Hourly CronJobs: Redis RDB snapshots + NATS stream snapshots to 20Gi PVC. Store off-cluster for disaster recovery.

RBAC Enforcement

Set CORDUM_REQUIRE_RBAC=true with enterprise license. Gates policy, config, approvals, and pack operations to authorized roles.

TLS Environment Variables (Production)
# All services
NATS_URL=tls://nats:4222
NATS_TLS_CA=/etc/cordum/tls/client/ca.crt
NATS_TLS_CERT=/etc/cordum/tls/client/tls.crt
NATS_TLS_KEY=/etc/cordum/tls/client/tls.key

REDIS_URL=rediss://redis:6379
REDIS_TLS_CA=/etc/cordum/tls/client/ca.crt
REDIS_TLS_CERT=/etc/cordum/tls/client/tls.crt
REDIS_TLS_KEY=/etc/cordum/tls/client/tls.key

# JetStream replication
NATS_JS_REPLICAS=3

# Redis Cluster
REDIS_CLUSTER_ADDRESSES=cordum-redis-{0..5}:6379

Before deploying production: Edit the Ingress host in deploy/k8s/production/ingress.yaml, create all TLS secrets, and set CORDUM_API_KEY in the cordum-api-key Secret.

Scaling Considerations

ServiceStrategy
API GatewayHPA: 2–10 replicas (70% CPU / 80% memory).

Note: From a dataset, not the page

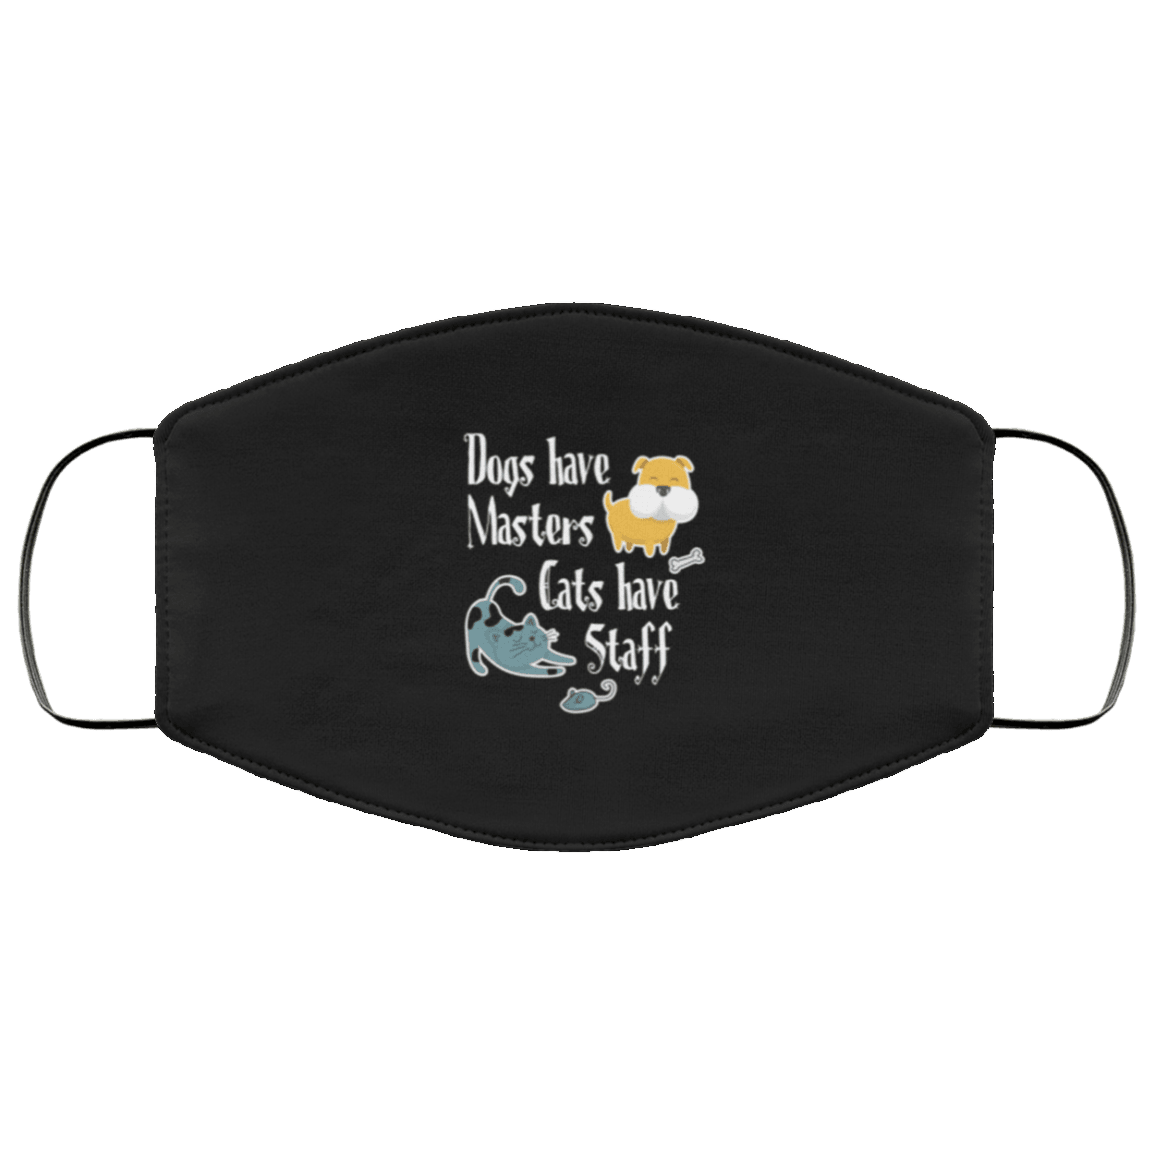 Designs by MyUtopia Shout Out:Dogs Have Masters Cats Have Staff Adult Fabric Face Mask with Elastic Ear Loops,3 Layer Fabric Face Mask / Black / Adult,Fabric Face Mask

Stateless, scales linearly.
SchedulerHPA: 2–10 replicas. Leader election via Redis locks — single active, others standby.
Safety Kernel2+ replicas. Stateless, round-robin load balanced.
Workflow EngineSingle replica recommended (stateful, requires coordination).
NATS3-node cluster (quorum: 2/3). JetStream replicas match cluster size (NATS_JS_REPLICAS=3).
Redis6-node cluster (3 primary + 3 replica). Add shards by scaling StatefulSet + rebalance.

Persistence

  • NATS JetStream: file-based persistence, 1s fsync
  • Redis: AOF (appendonly yes) + RDB snapshots
  • 20Gi PVCs per StatefulSet pod in production

High Availability

  • PodDisruptionBudgets: maxUnavailable=1 per service
  • Pod anti-affinity spreads replicas across nodes
  • NATS 3-node quorum, Redis 3+3 cluster

Backups

  • Redis: hourly RDB snapshots via CronJob
  • NATS: hourly stream snapshots (CORDUM_SYS, CORDUM_JOBS)
  • 20Gi backup PVC, copy off-cluster for DR

Single Binary Mode

For local development and quick demos, cordumctl up starts all core services in a single process with embedded NATS and Redis. No Docker required.

Use for

Local development, quick demos, CI/CD smoke tests

Don't use for

Production, multi-node, HA, or persistent workloads

Includes

Gateway, Scheduler, Safety Kernel, Workflow Engine, Context Engine, Dashboard

cordumctl up
# Start all services (single binary)
cordumctl up

# Access
# API:       http://localhost:8081
# Dashboard: http://localhost:8082

# Stop
cordumctl down